Wednesday, 9 March 2011

Singling Out the Enemy


Congressional hearings in the United States have been called by the powerful Homeland Security Committee of Congress into “the Muslim threat to the country”.  A hue and cry has gone out from the liberal press decrying these hearings as discriminating against a minority group.  This, they say, is akin to McCarthyism.  Bob Hebert in an op-ed piece in the New York Times  (http://www.nytimes.com/2011/03/08/opinion/08herbert.html?ref=opinion) writes that Rabbi Marc Schneier, the president of the Foundation for Ethnic Understanding, was among some 500 people at a rally in Times Square on Sunday that was called to protest Mr. King’s hearings. “To single out Muslim-Americans as the source of homegrown terrorism,” he said, “and not examine all forms of violence motivated by extremist belief — that, my friends, is an injustice.”

We have all lived through  (or at least, for my younger readers, read about) the circumstances where minority groups have been singled out for “special treatment”.  While the Holocaust immediately comes to mind there are other equally egregious actions that are undertaken under the watchful eye of human rights activists. Think Darfur, the Balkans and the unending tribal strife in Africa.

However, that is not what I want to write about today.  I want to recount an emotional walk that I took in Berlin where banners were flying from streetlamps. The banners indicated the subtle “rights” that were taken away from Jews in Germany by a legally elected Reichstag.  These included a ban on sitting on park benches, a ban on attending concerts, a restriction on shopping hours and the removal of healthcare rights.  Each ordinance by itself was a small matter.  Each one, by itself, would hardly stir up the local population. The local population, as a whole, did little or nothing to protect a minority group from these injustices.  I wonder why.

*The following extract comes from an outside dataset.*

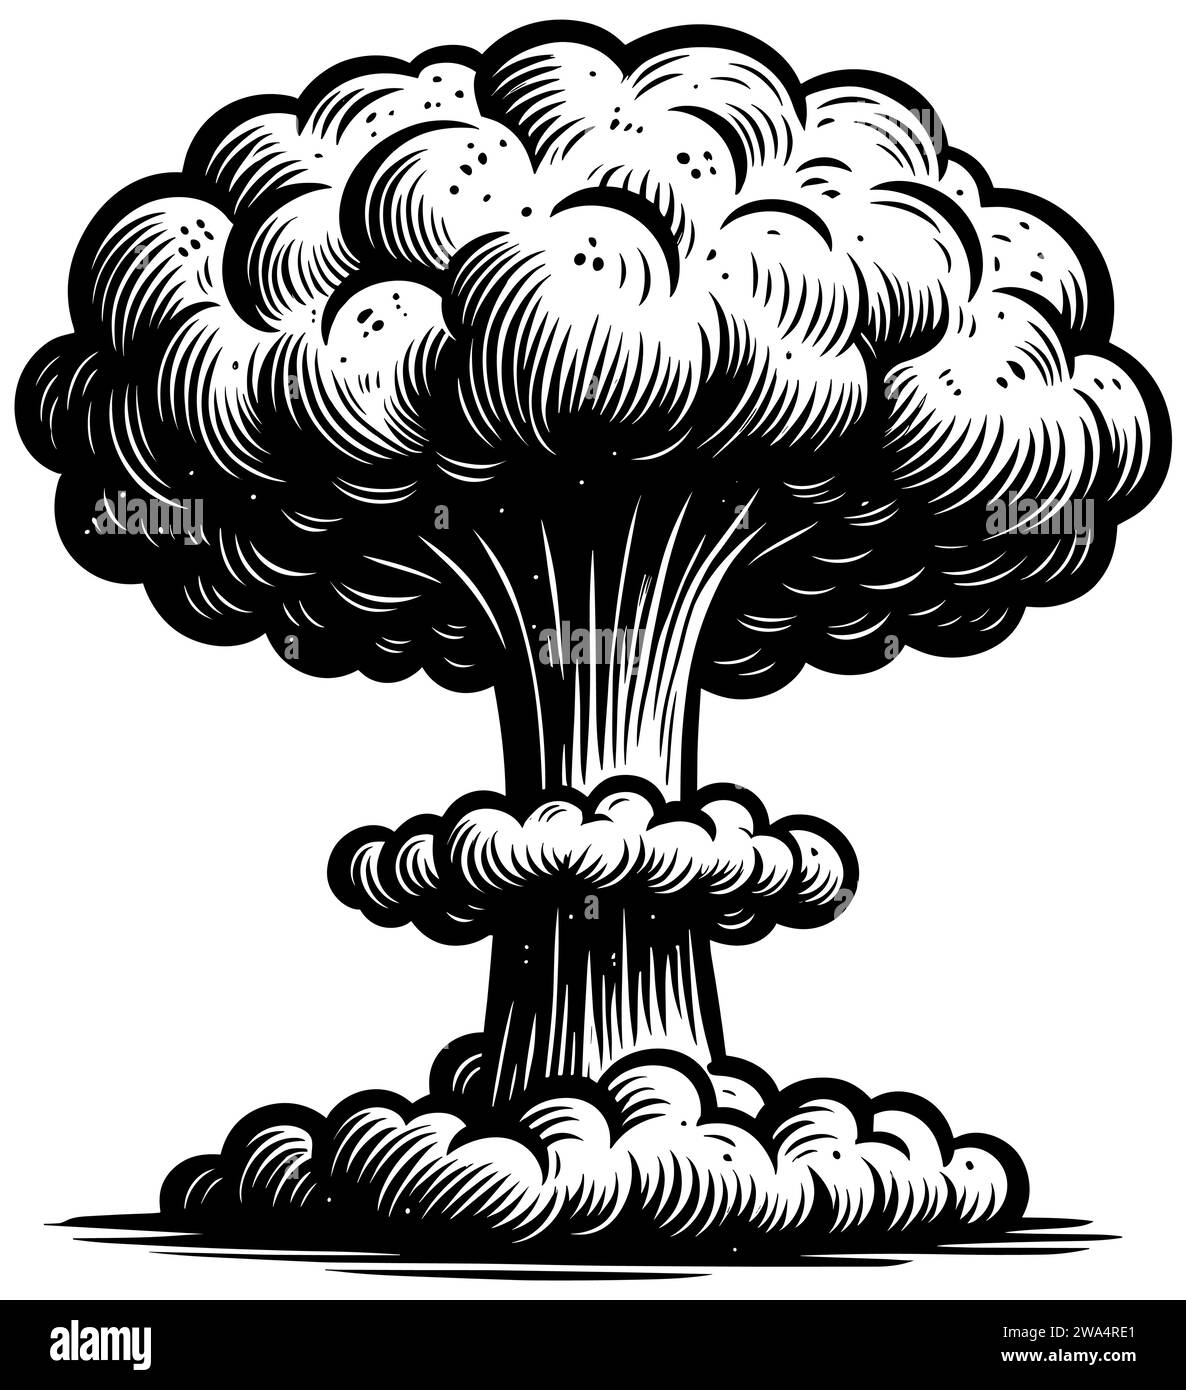 Atomexplosion mit Pilzwolke im Holzschnitt. Stock Vektor

I once asked my brother what he thought about the interment of the Japanese and the confiscation of their property during World War II.  After all, he was a member of a minority religious group who, at that time, suffered prejudice almost every day.  My brother thought nothing of the injustice meted out to the Japanese.  They were, after all, the “enemy”.  The fact that they were Canadian citizens did not seem to count.  The mere possibility of “dual loyalty” was enough to put them away.

We are too fast to categorize minority groups, whether ethnic, religious or otherwise as having, as a group, this or that undesirable trait.  We accuse some of being, at best, unpatriotic and, at worst, enemies of the state.  As the song in South Pacific says, “You Have to Learn to Hate”. 

In Canada the problem is exacerbated.  Our immigration policy has encouraged people from third world countries to make Canada their home.  We have some of the largest expatriate populations of any country in the world.  For the most part these immigrants have made splendid contributions to Canada.  However, some of the younger members of these groups have fallen on bad times.  This is, largely, because our education and social services systems do not have the infrastructure and the money to give these young people the necessary skills to obtain higher education or to be integrated into our workforce.  Too often, I hear racial slurs against minority groups as a whole. 

We can all help.  It starts with our children.  If they hear racial slurs at home they will get repeated at school or in the playground.  It starts with standing up to someone who utters a racial slur or tells a racial joke. Tell them that this kind of behavior is unacceptable.  This takes fortitude.  It starts with joining civic groups that help newcomers integrate into our communities as productive members.  Possibly we can avoid the kind of finger pointing that is now going on in the US congress.